To bootstrap the mean signal by position, a small number of genes are randomly sampled from a genelist, and the mean signal at each position is calculated for that group of genes. This process of randomly sampling genes and calculating mean signals is repeated over many iterations, and the final bootstrapped mean for each position is the median of the sampled means.
One feature of bootstrapping is that it is robust to outliers. But more than that, the a bootstrapped mean provides an expectation for what the mean signal would be for any arbitrary group of genes, and associated with that expectation is a measure of uncertainty. By taking quantiles of the sub-sampled means other than the median (the expected value), we can estimate the extent to which the mean varies across arbitrary groups of genes.
For example, the 75th percentile of the sub-sampled means is a number for which, 25% of the time, we calculated a higher mean. Similarly, a 90% confidence interval about the bootstrapped mean encompasses all values between the 5th and 95th percentiles of the sub-sampled means.
We can use the metaSubsample()
function to bootstrap mean values by position
for a genelist.

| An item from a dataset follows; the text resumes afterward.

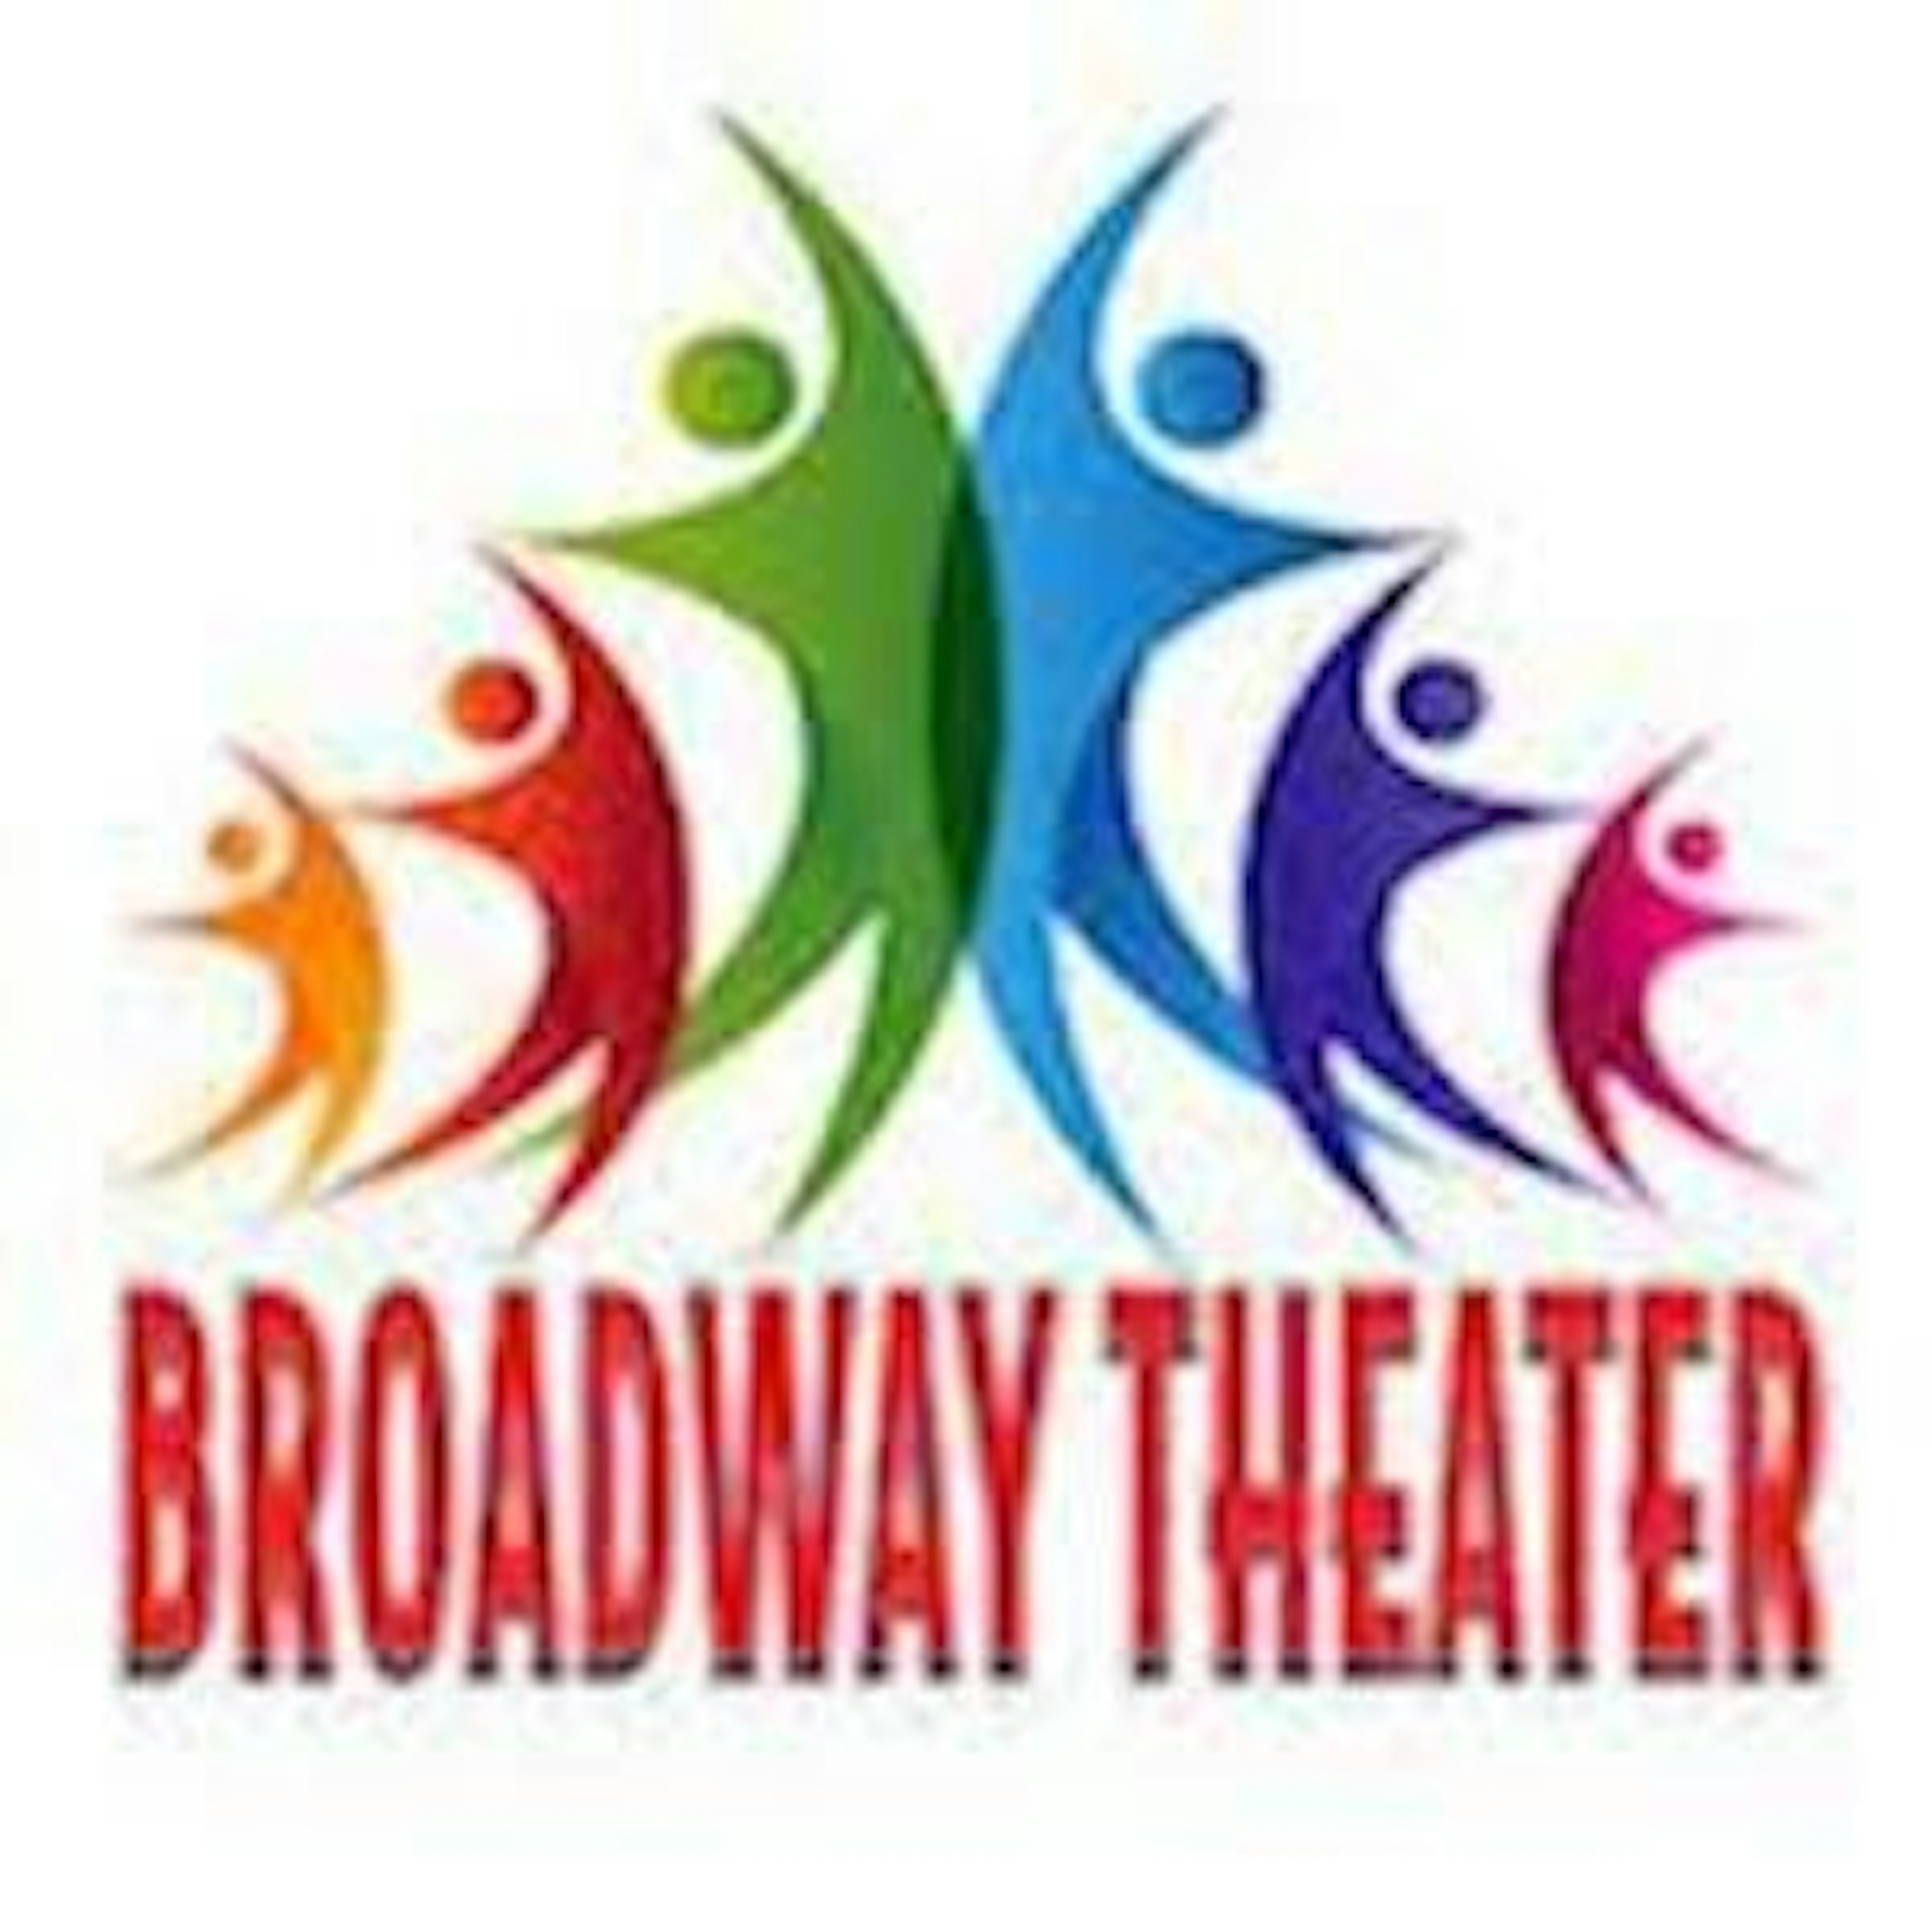 Broadway Theater & Le Grand Cirque

The function accepts the same arguments as
getCountsByPositions()
, in addition to other arguments related to the
bootstrapping.
By default, 10% of the genelist is randomly sampled 1000 times, and confidence bands are returned for the 12.5th and 87.5th percentiles (i.e. a 75% confidence interval).
Given the small size our dataset, we’ll reduce this to a 30% confidence interval, and we’ll additionally use 5 bp bins:
bootmeans.df <- metaSubsample(PROseq, txs_pr, binsize = 5,
lower = 0.35, upper = 0.65, ncores = 1)
head(bootmeans.df)
## x mean lower upper sample.name
## 1 3 0.03823529 0.02941176 0.05294118 PROseq
## 2 8 0.05294118 0.04117647 0.07058824 PROseq
## 3 13 0.07647059 0.05294118 0.10000000 PROseq
## 4 18 0.07058824 0.05088235 0.09411765 PROseq
## 5 23 0.12941176 0.10000000 0.16470588 PROseq
## 6 28 0.09411765 0.08235294 0.10794118 PROseq
A dataframe is returned for plotting, and notice how the x-values have been automatically adjusted to be the center of the bins.
Below, we show how to plot the confidence bands using base R plotting, as well
as ggplot2
.
plot(mean ~ x, data = bootmeans.df, type = "l",
main = "PRO-seq Signal", ylim = c(0, 1.4),
xlab = "Distance from TSS",
ylab = "Mean Signal + 30% CI")
# draw a polygon to add confidence bands,
# and use adjustcolor() to add transparency
polygon(c(bootmeans.df$x, rev(bootmeans.df$x)),
c(bootmeans.df$lower, rev(bootmeans.df$upper)),
col = adjustcolor("black", 0.1), border = FALSE)
require(ggplot2)
ggplot(bootmeans.df, aes(x, mean)) +
geom_line() +
geom_ribbon(aes(x, ymin = lower, ymax = upper),
alpha = 0.1) +
labs(title = "PRO-seq Signal",
x = "Distance from TSS",
y = "Mean Signal + 30% CI") +
theme_bw()
Like other functions in BRGenomics, we can pass a list of GRanges to
metaSubsample()
, and the output is conveniently combined for plotting.
# make 3 datasets
ps_list <- list(ps1 = PROseq[seq(1, length(PROseq), 3)],
ps2 = PROseq[seq(2, length(PROseq), 3)],
ps3 = PROseq[seq(3, length(PROseq), 3)])
bm_list.df <- metaSubsample(ps_list, txs_pr, binsize = 5,
lower = 0.35, upper = 0.65, ncores = 1)
head(bm_list.df)
## x mean lower upper sample.name
## 1 3 0.01176471 0.005882353 0.01764706 ps1
## 2 8 0.01764706 0.011764706 0.02352941 ps1
## 3 13 0.01764706 0.011764706 0.02352941 ps1
## 4 18 0.03529412 0.023529412 0.04705882 ps1
## 5 23 0.02941176 0.017647059 0.04705882 ps1
## 6 28 0.02941176 0.023529412 0.04117647 ps1
require(ggplot2)
ggplot(bm_list.df, aes(x, mean, color = sample.name)) +
geom_line() +
geom_ribbon(aes(x, ymin = lower, ymax = upper,
color = NULL, fill = sample.name),
alpha = 0.2) +
labs(title = "PRO-seq Signal",
x = "Distance from TSS",
y = "Mean Signal + 30% CI") +
theme_bw()
Bear in mind that the above confidence intervals are ignoring 70% of the sub-sampling experiments, which is excessive. More reasonable parameters would reveal how lacking this data is, i.e. how un-confident we are that there is a robust difference in the mean signal at various positions.